I think both points should be addressed with proper errors. Should I raise an issue, or try and address those in this PR ?

Good observations.

Note that we already have a warning which is raised in this case, advising the user to first reduce the dimension of the data:

UserWarning: The inner covariance matrix is not invertible, so the transformation matrix may contain Nan values. You should reduce the dimensionality of your input,for instance using `sklearn.decomposition.PCA` as a preprocessing step.

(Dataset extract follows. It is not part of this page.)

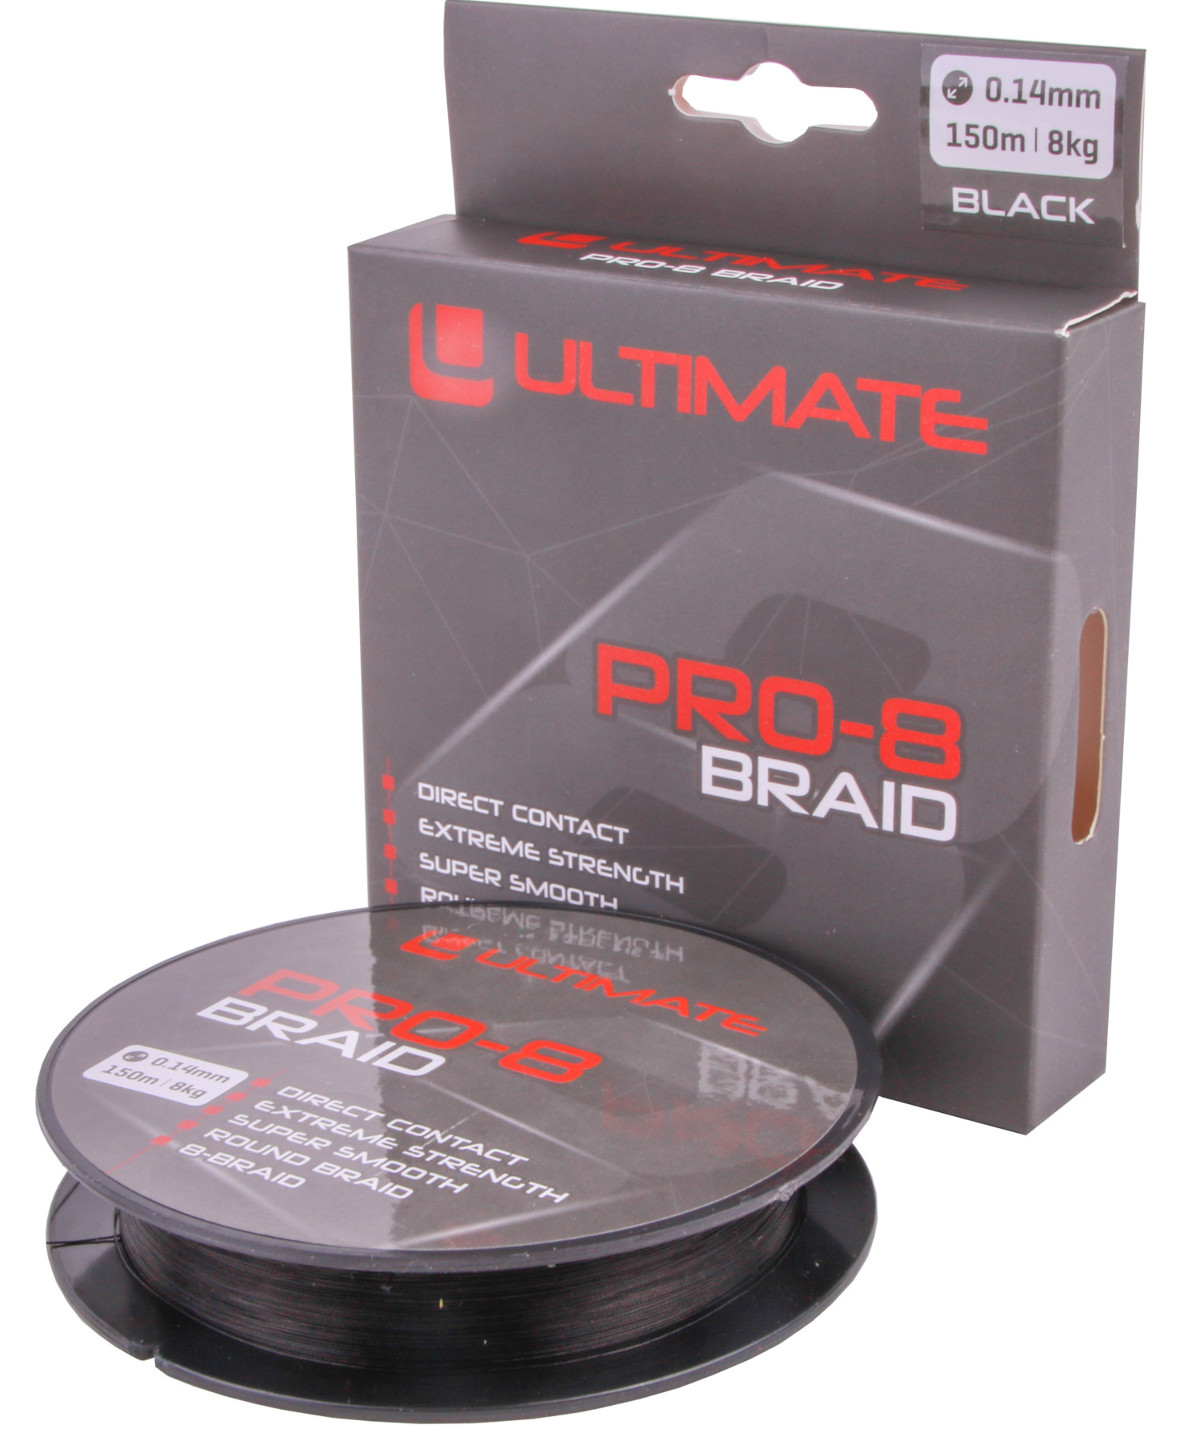 Ultimate Pro-8 Braid (150m)
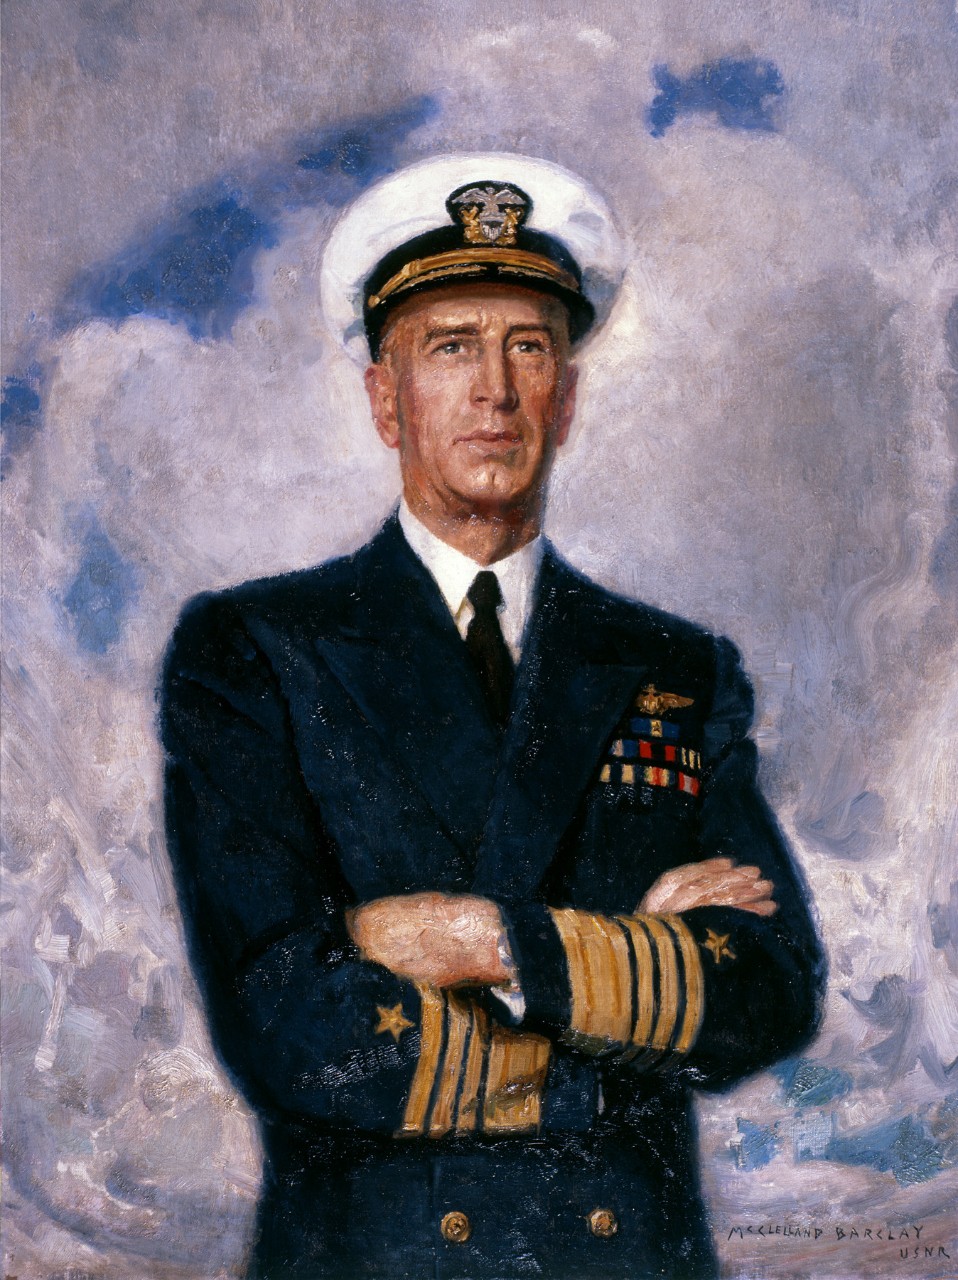 Fleet Admiral Ernest J. King, U.S.N. in dress blue uniform

Regarding how to improve the errors:

IMO we should not check whether some features are linear combinations of others, this is too costly (and can be fixed by reducing the dimension). This is the responsability of the user.
It seems that what you describe for chunk_size=2 generalizes to larger chunk sizes, in the sense that we can have a general bound on the rank of the matrix as a function of chunk_size and num_chunks, i.e. when this is the case we know for sure it will fail based only on input parameters. If this is indeed the case then I agree we should throw a specific error and explain the bound to the user so she can adjust the parameters.

bellet commented 4 years ago

For the first point, we could simply adapt the current error:

UserWarning: The inner covariance matrix is not invertible, so the transformation matrix may contain Nan values. You should remove any linearly dependent features and/or reduce the dimensionality of your input, for instance using `sklearn.decomposition.PCA` as a preprocessing step.

RobinVogel commented 4 years ago

I did all the expected modifications and added the remark with the bound on the rank.